Supplied entries:

────────────────────

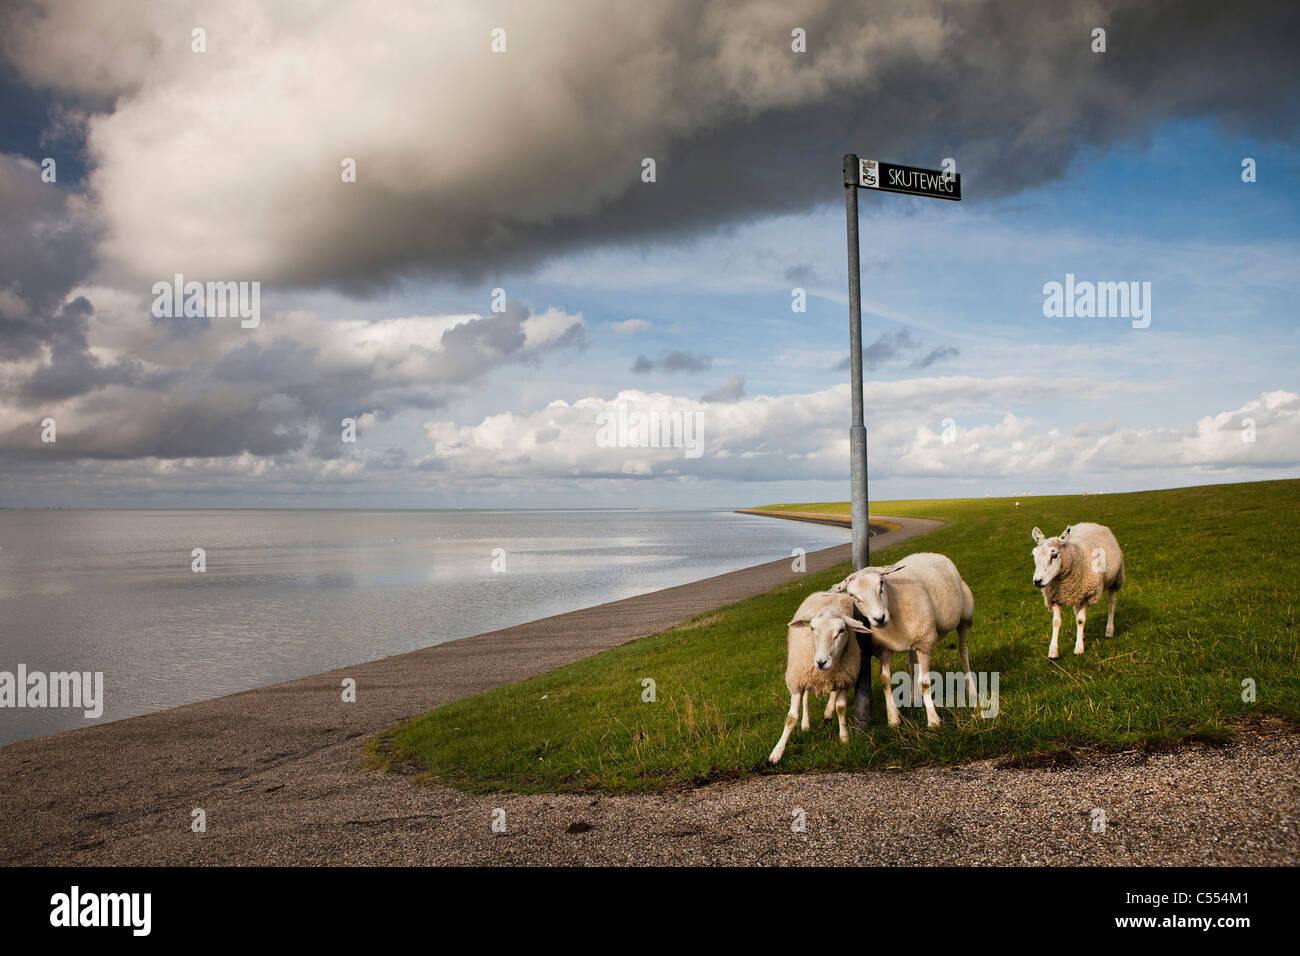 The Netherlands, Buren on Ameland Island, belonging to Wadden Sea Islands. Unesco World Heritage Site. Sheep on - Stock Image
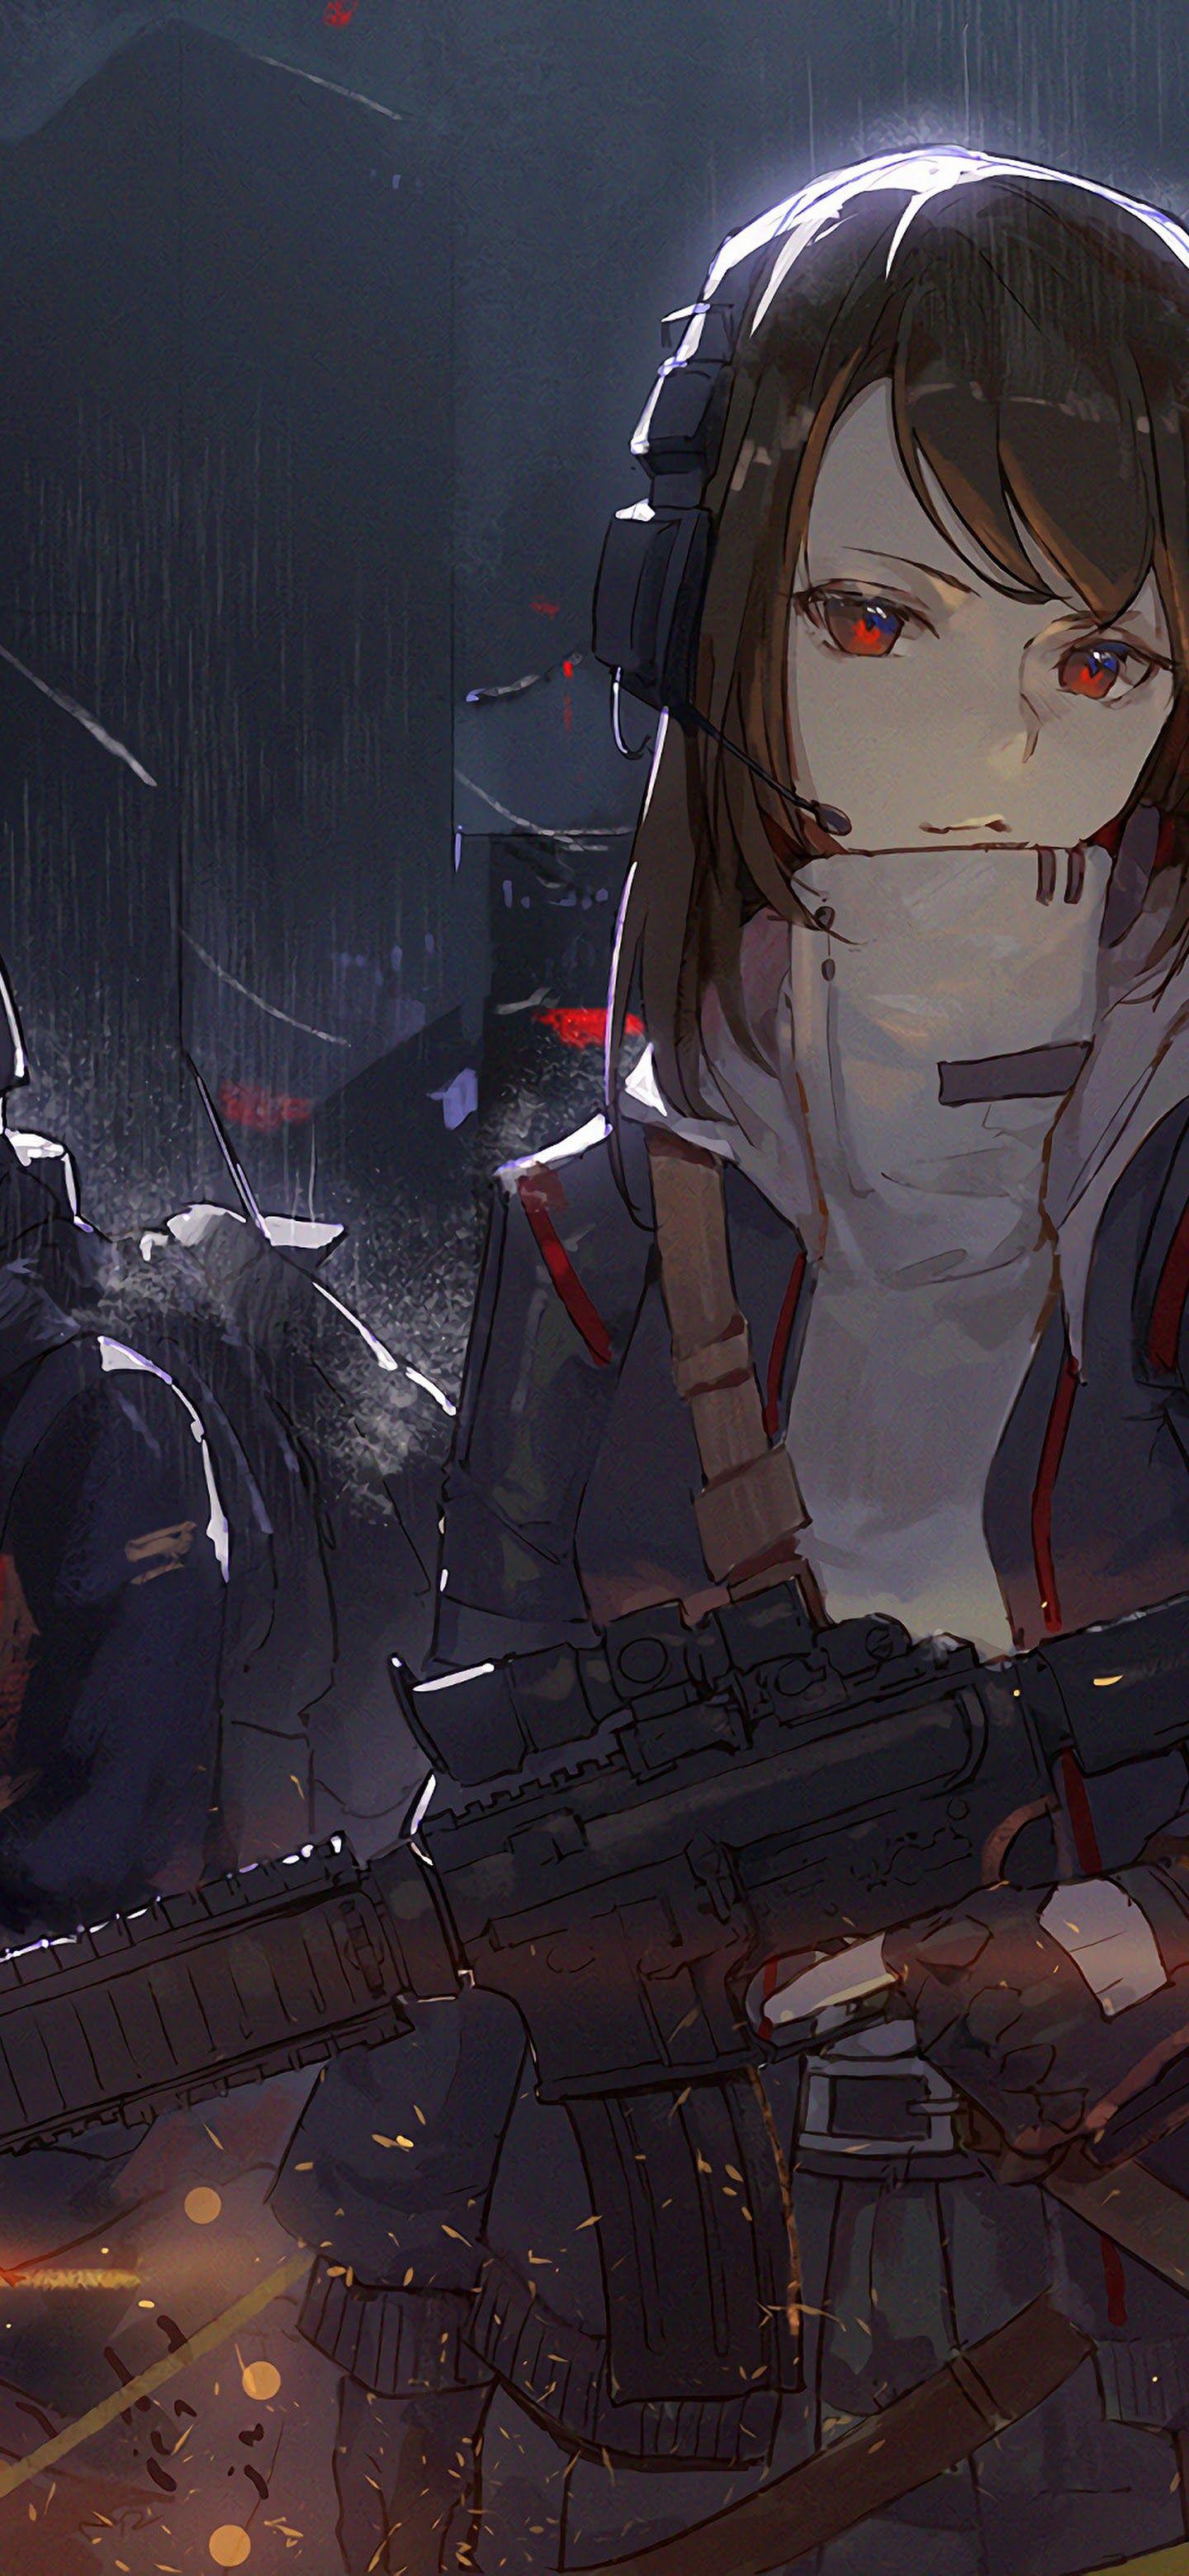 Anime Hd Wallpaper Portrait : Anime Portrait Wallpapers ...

────────────────────

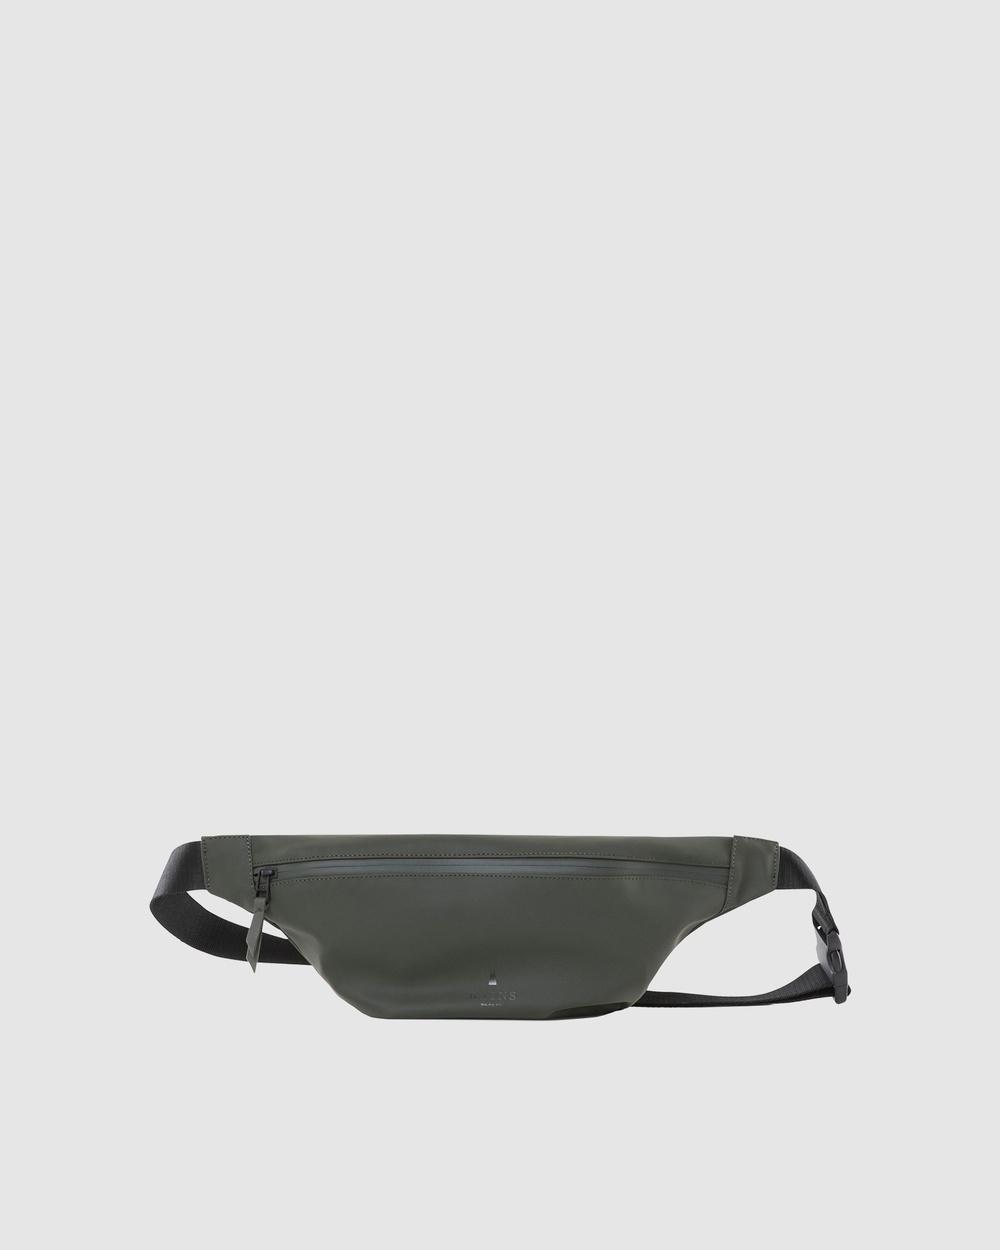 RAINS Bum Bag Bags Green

────────────────────

Work required:
Work from the entries above. Set down exactly and only the lines from the line with "The Netherlands, Buren" to the line with "Anime Hd Wallpaper", both included, and leave the pictures out.

Reply to the task:
 The Netherlands, Buren on Ameland Island, belonging to Wadden Sea Islands. Unesco World Heritage Site. Sheep on - Stock Image
 Anime Hd Wallpaper Portrait : Anime Portrait Wallpapers ...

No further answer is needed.